Finding Opportunities: Flat-Specific Amenity Valuation
Another distinction of the U.K. build-to-rent sector is that the concept of identifying, recording and assigning a value to flat-specific amenities is still in its relative infancy.  Notating which specific flats have the most desirable views or the beautifully upgraded kitchens—and documenting it within the property management software—will afford owners the opportunity to market at the right rate for quicker letting, while still achieving optimal rents.  Building this functionality right into the software ensures that each flat is priced right, relative to others within the building without having to re-walk them every time they become available to let.

U.S. schemes will typically have a thorough list of particulars/amenities assigned to each flat with a dollar amount attached to make each unit equally popular, relative to others within the same scheme.  Common amenities in the U.S. include:

  • Washer & Dryer
  • Balcony
  • Upgrade/Refurbishment
  • Pool View

Snapshot: Amenity Value Impact on Schemes (By Class)

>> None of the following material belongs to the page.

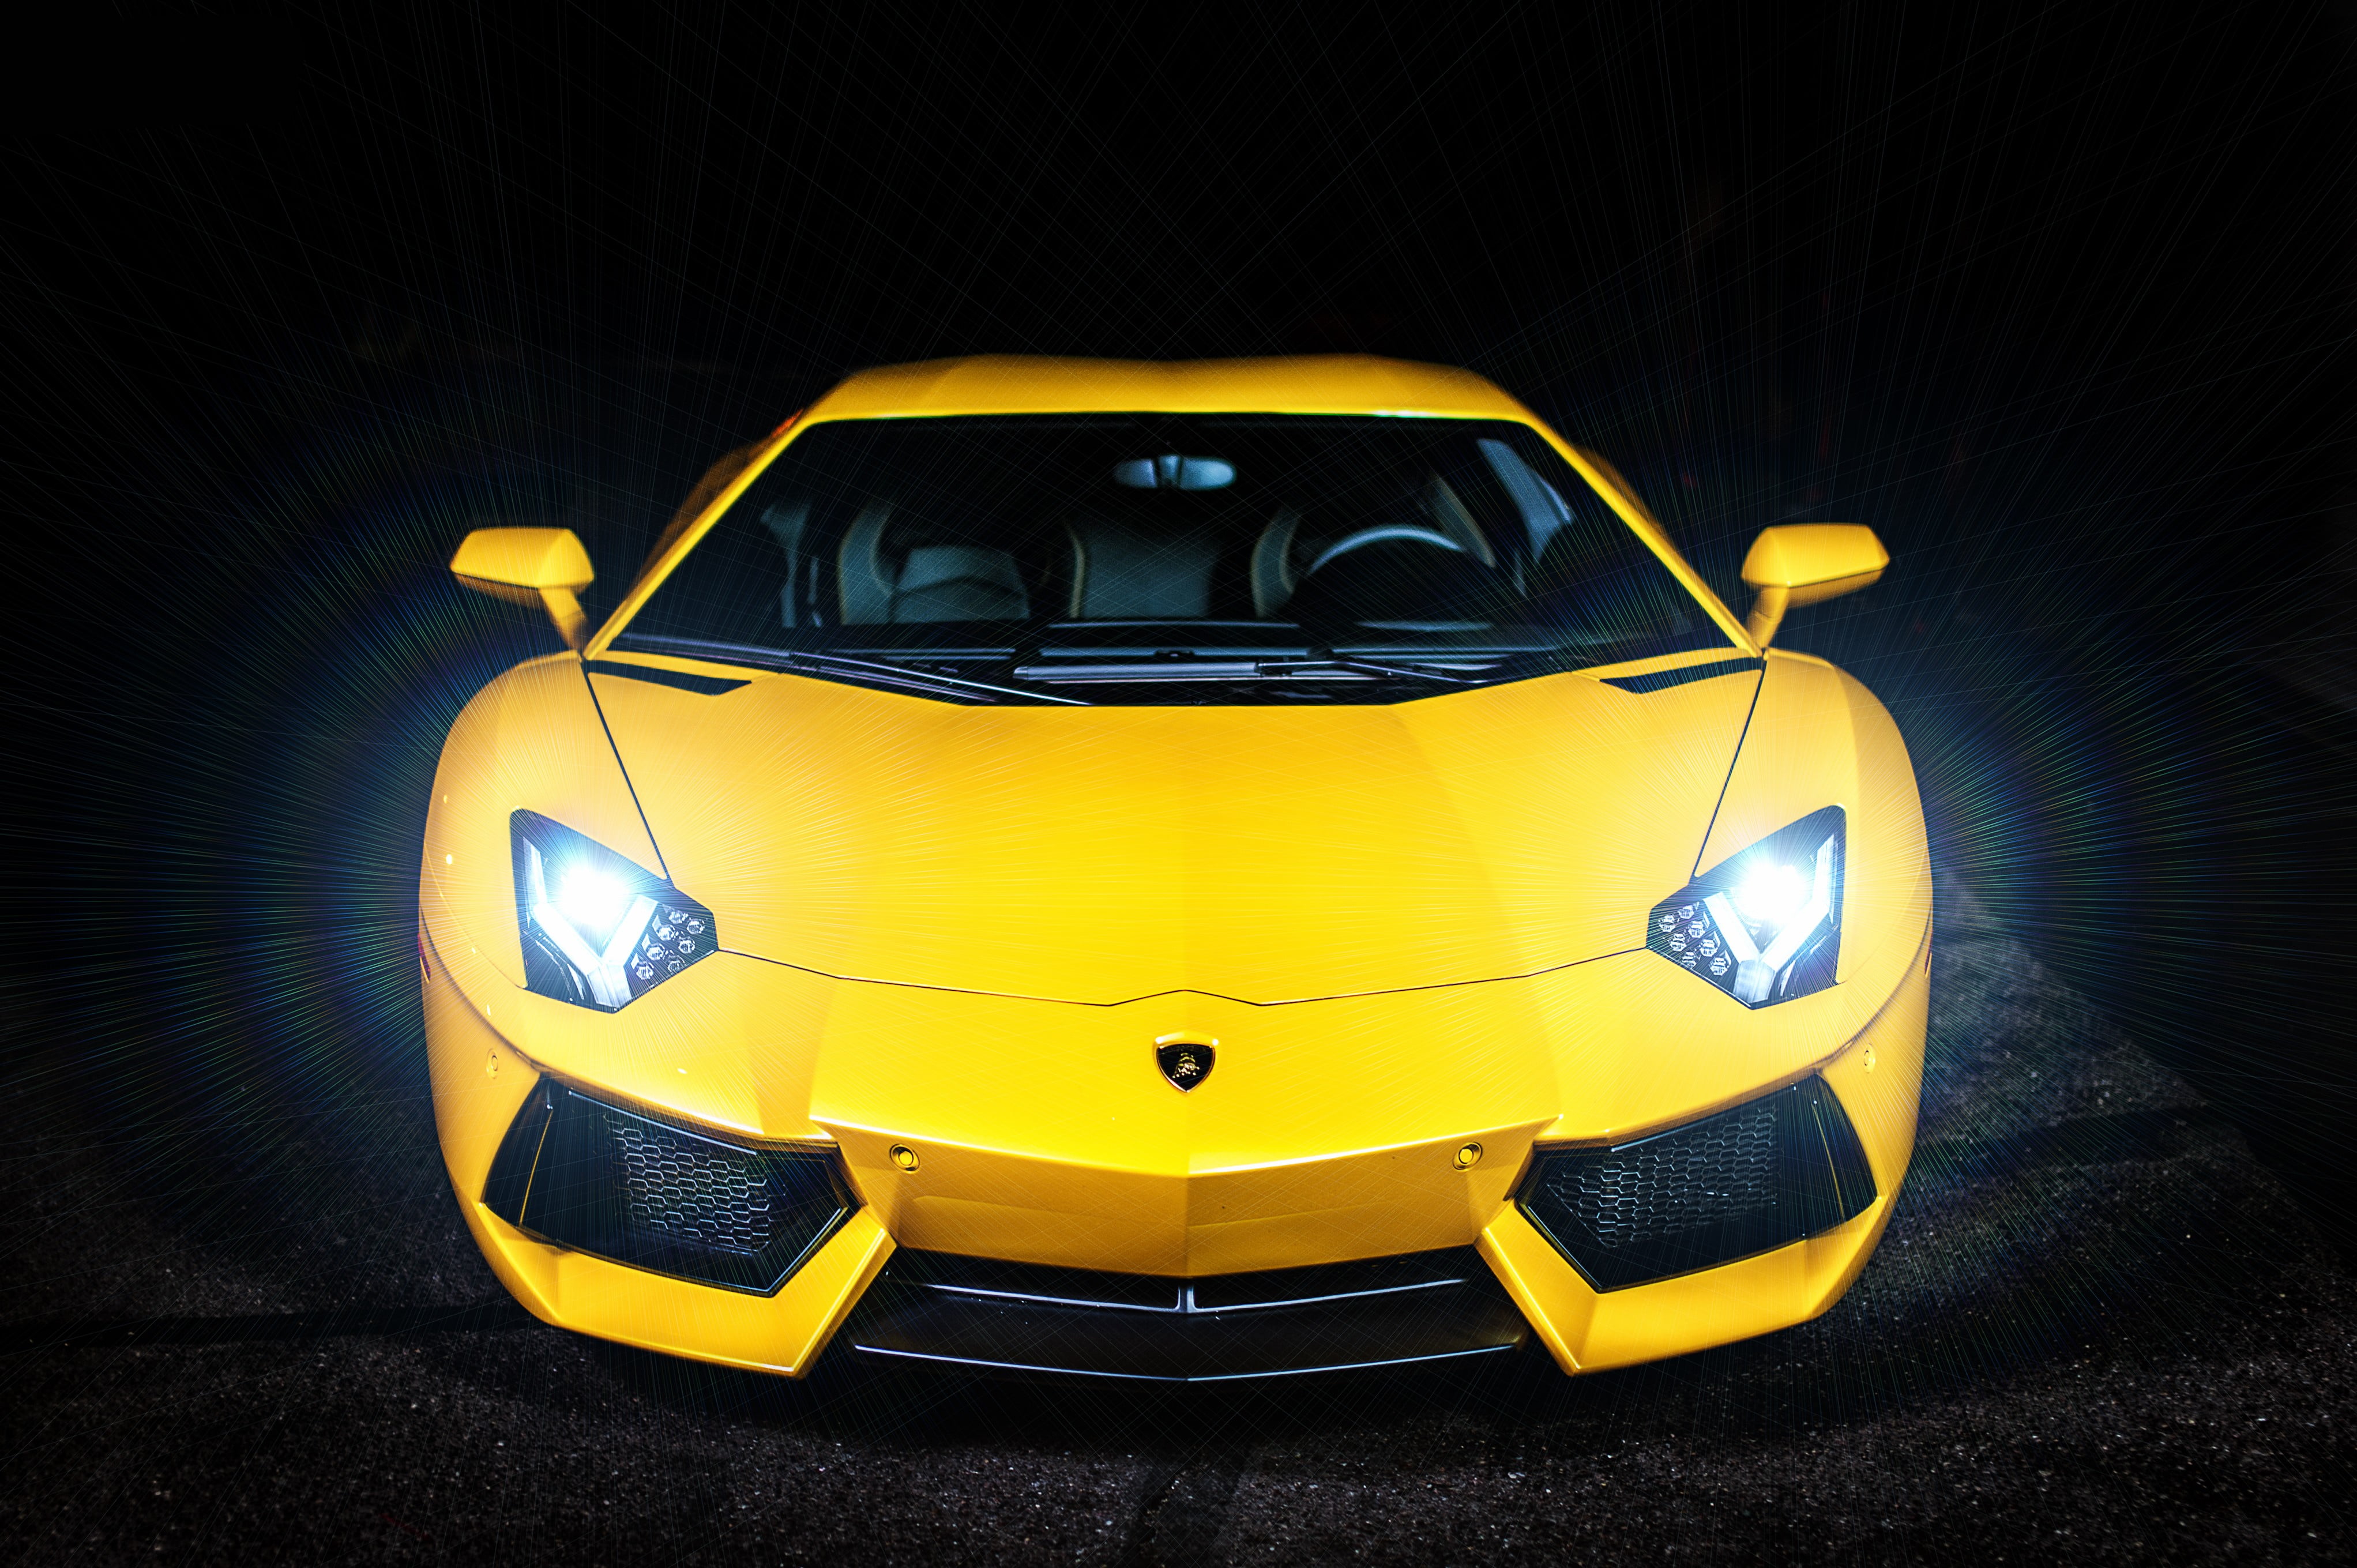 yellow Lamborgini sports car, car, Lamborghini, yellow cars, vehicle

In a Class A scheme, these amenity values average over 6% of the total rent roll.  The popularity of specific particulars will vary across markets.  An outdoor space such as a balcony, for example, may garner a heftier premium overlooking the sea in Brighton than it would in Manchester.

Finding Opportunities: Flexible Tenancies

Finally, another divergence between how our partners in the U.K. operate today and what we commonly see in the U.S. is the approach taken to offer “flexibility” to our residents when it comes to their tenancy. Primary examples of these disparities include:

  • UK. lettings often have the option for a break-clause at the 6-month point, at no additional cost to the tenant
    • The potential for a mid-term lease-break creates uncertainty in forecasting and managing availability for the scheme
    • Off-cycle void notices create barriers to rent roll growth if they occur during the low season in the market
  • US. tenants are typically charged a premium if they desire the flexibility of a tenancy shorter than 12-months
    • The amount assessed will correlate to the increased revenue risk associated with potentially having to redecorate a flat more than once every 12 months
    • Tenancies greater than 12 months may be offered to support adherence to an expiration management schedule that as closely as possible mirrors the seasonal demand patterns of the market
      • In many cases, longer tenancies will be offered at a slight discount to build stability into the rent roll and minimize void periods without impacting offered rents
    • If a U.S. resident does not sign a renewal contract prior to the expiration of their initial lease contract, they will typically incur a significant increase to roll periodically
      • Pricing structures have adapted to incentivize resident behaviors that support stronger revenue performance of the scheme

 

Snapshot: Longer Lease Terms Add Up

 

The accompanying chart is an analysis of over 8,000 stabilized schemes utilizing the RealPage platform in the U.S. from June of 2017 to June of 2018, revealing that nearly 50% of tenancies are 11 to 12 months in length, with a significant percentage of U.S. letters opting for tenancy agreements longer than 12 months.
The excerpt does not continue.